Sugary drinks may lead kids to overeat
With the spotlight on New York Mayor Michael Bloomberg’s recent efforts to limit the size of sugary drinks, experts have been weighing in on the health dangers of consuming soda and other drinks laden with the white stuff.
Now, researchers say kids who drink sugar-sweetened beverages tend to eat more calories overall than children who don’t.
Results of a new study by the University of North Carolina at Chapel Hill, shows sugar-sweetened beverages may lead kids to overeat. Additionally, those extra calories generally come from unhealthy foods. The report was published in the American Journal of Preventive Medicine.
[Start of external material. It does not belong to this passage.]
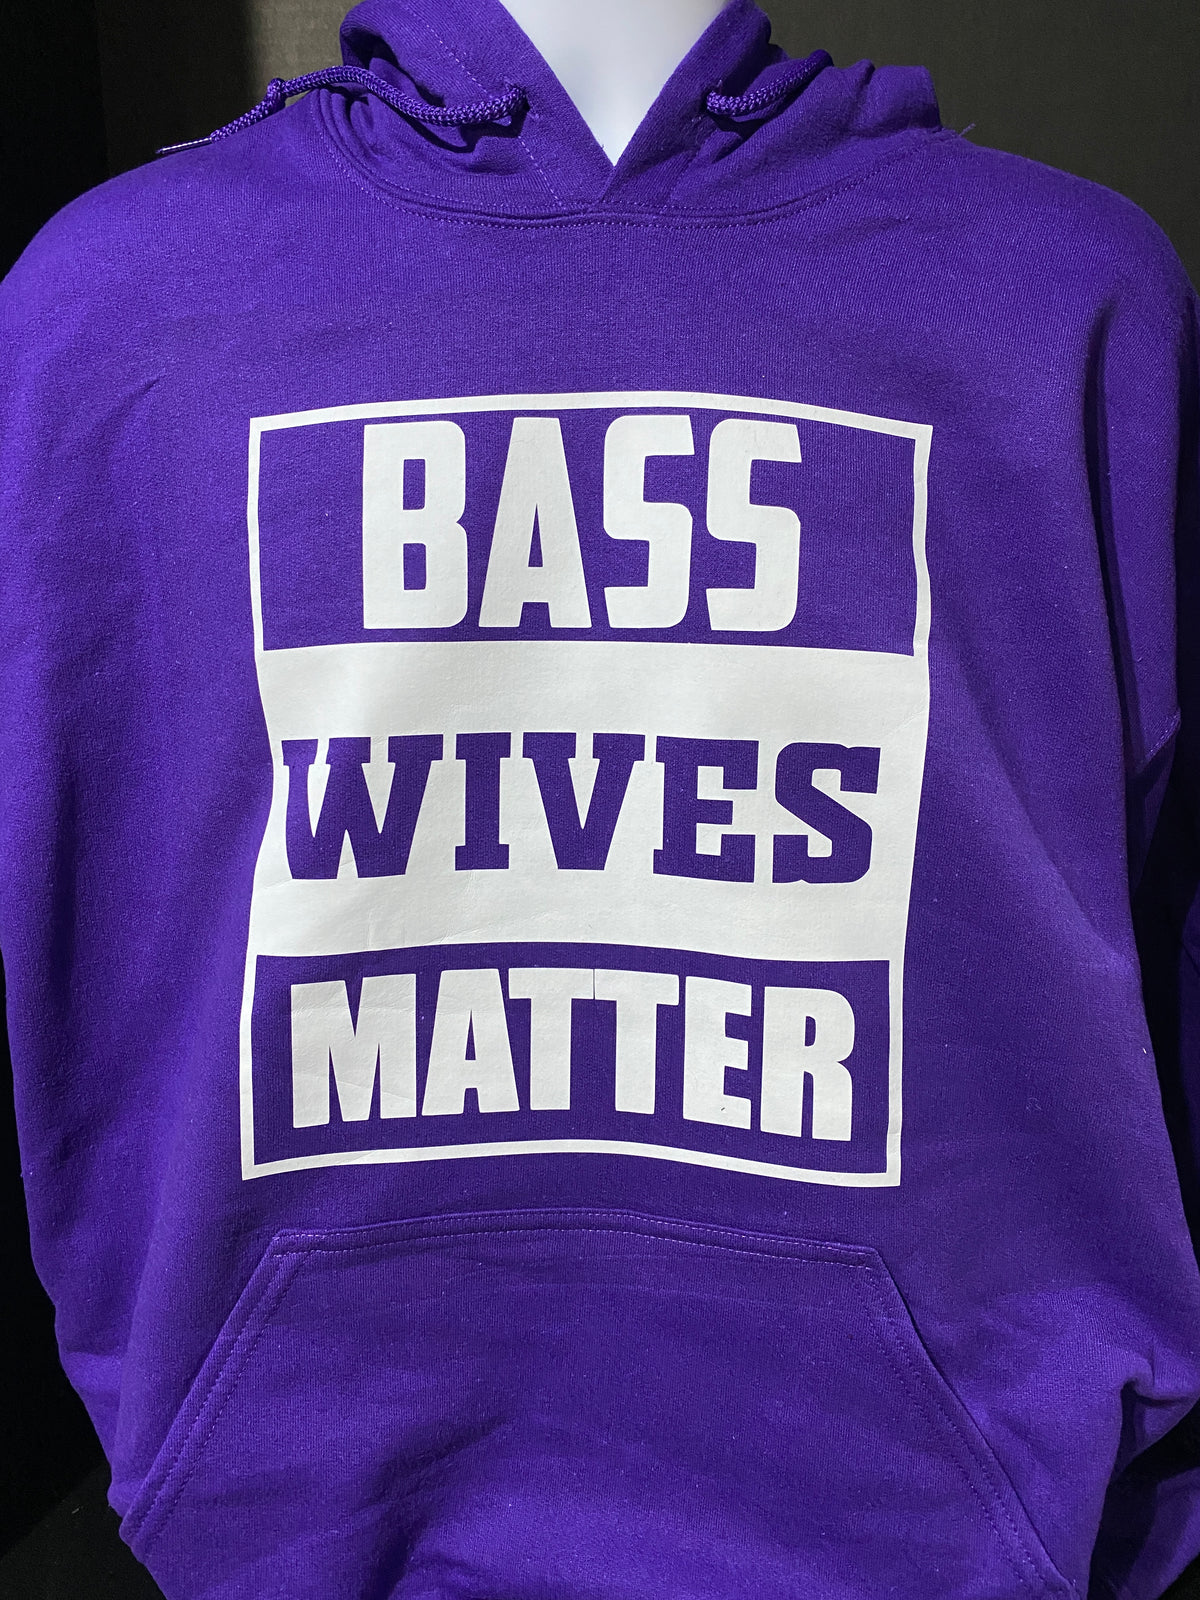 Bass Wives Matter Basshead Sweatshirt

The study analyzed data from a national nutrition survey taken from 2003-2010 that included responses from nearly 11,000 children ages 2-18
The findings showed that kids who ate more tended to also consume sugar-sweetened beverages and where less likely to drink non-sweetened drinks. Researchers concluded that the sugar drinks are mostly responsible for the higher intake of calories.
The report may raise more awareness about the increasing number overweight American children. The Centers for Disease Control and Prevention reports that childhood obesity has more than doubled in children and tripled in adolescents in the past 30 years. The percentage of U.S. children ages 6 to 11 considered obese increased from 7 percent in 1980 to nearly 18 percent in 2010.
“I encourage my patients to make living healthy a household affair,” Dr. DeBruler says. “The entire family needs to be engaged in the dietary changes that are essential to treating a child who is overweight or obese. Parents are the primary influencers in a child’s life. It’s really up to them to set the example.”